CRÓNICAS POÉTICAS DEL TERCER MILENIO. Muestrario de hechos verídicos, otra mirada sobre los tiempos presentes para los habitantes del futuro. Especial Corona virus.
Cómo lo ve desde París, donde reside, José Muchnik

Estimados habitantes del futuro: ¡Un notición! Ni fake news, ni noticias pasteleras de farándulas cortesanas ¡Un verdadero notición! De esos que ustedes podrán analizar con la distancia necesaria.

¡La peste! ¡Miles de miles de muertos! Una peste fresca inesperada en los comienzos del tercer milenio. Trato de apurarme con el envío, no sé si mañana estaré aquí para continuar estos testimonios, estamos tratando de sobrevivir en este presente pastoso, casi medio planeta confinado ¡Sí sí!
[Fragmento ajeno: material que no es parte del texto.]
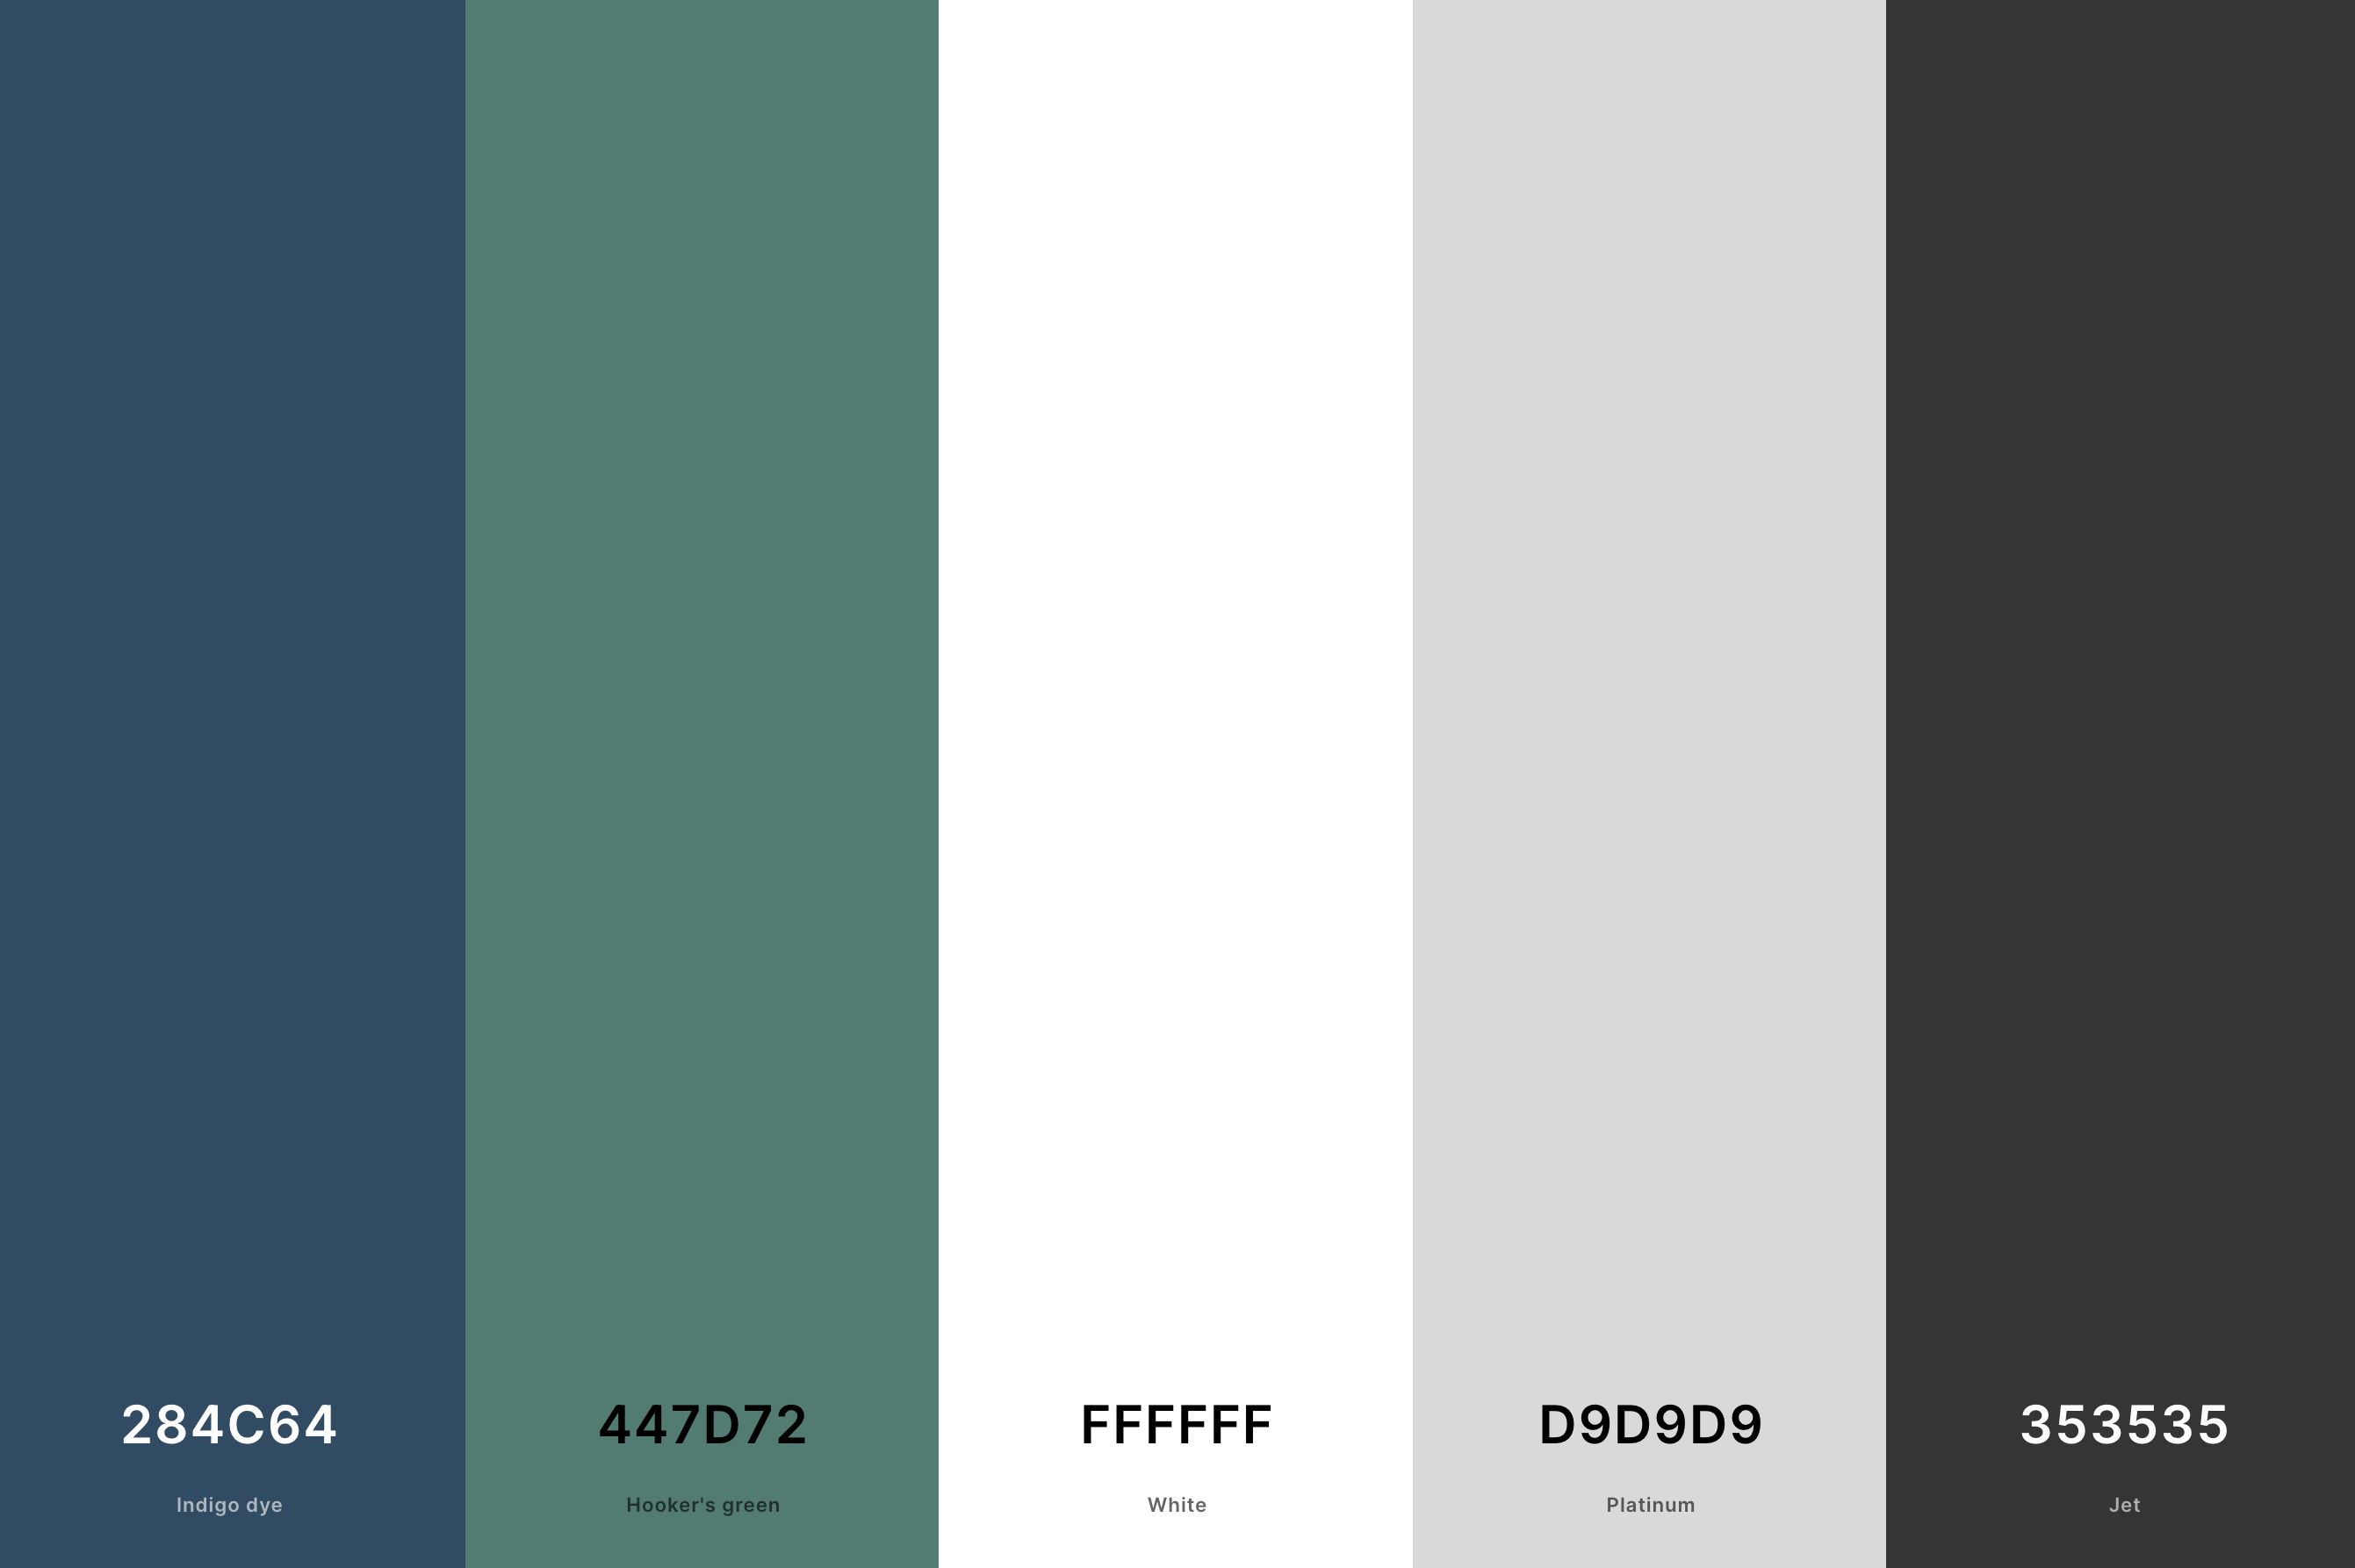 24. Blue, Green And Gray Color Palette Color Palette with Indigo Dye (Hex #284C64) + Hooker'S Green (Hex #447D72) + White (Hex #FFFFFF) + Platinum (Hex #D9D9D9) + Jet (Hex #353535) Color Palette with Hex Codes

Como lo han escuchado, tres mil millones de personas a no moverse de sus casas. Es invisible, muy muy chiquitito, pero tendrían que ver ¡Qué bien que mata! Como un grande ¿Qué dirán mañana vuestras enciclopedias inter galácticas? “Se lo tenían merecido, tanto habían destruido, contaminado, envilecido… que tuvimos que mandarles un castigo ejemplar. Se creían los reyes de la creación, ellos, humanos omnipotentes que todo lo podían, revelaron su impotencia frente al minúsculo virus. Terminator Revelator los estrelló contra el espejo estelar, ahí vieron reflejada su vanidad barata, su egoísmo hueco, sus mediáticas frivolidades” ¡Basta! ¡No quiero escuchar más! Aquí nos estamos muriendo sin vueltas. Sí, ya sabemos, murieron muchos, pero algo aprendieron.

Terminala Josecito, cortá la conexión. ¡Qué carajo nos interesa lo que dijeron los habitantes del futuro! Tenemos que salir de este drama, ya habrá tiempo para filosofar. ¿Vos estás en París? Entonces contá cómo la están pasando ahí, es tu laburo, dejar un testimonio.

¿Qué querés que te diga Mario? La pasamos como todo el mundo, como el culo. ¡¡¡Perdonen!!! Este virus contamina hasta el lenguaje. Como el tujes, eso quería decir, como el tujes. Aquí estamos, el día espléndido, el aire transparente, el cerezo en flor… pero todo raro, flota un ambiente de fin del mundo, una sensación de angustia se va derramando. Este cronista inter temporal trata de leer el retazo de espacio tiempo que nos ofrece el Corona Virus. La pandemia asesina es un libro abierto, un gran teatro, una magnífica puesta en escena de la humana esencia. La ciudad está desierta, la sociedad burbuja aparece en todo su esplendor, millones de gente burbujeando en mundos paralelos. Los nuevos héroes: enfermeras, médicos, camilleros, chóferes de ambulancia, personal de limpieza, personal de mantenimiento… También panaderos, verduleros, carniceros, cajeras de supermercado, agricultores, peones rurales, camioneros que ya no encuentran dónde comer ni dónde bañarse en las autopistas… El mundo resultó menos virtual de lo que parecía, el mundo carne y hueso se revela esencial, miles de manos entubando pacientes, desinfectando hospitales, amasando pan, confeccionando máscaras…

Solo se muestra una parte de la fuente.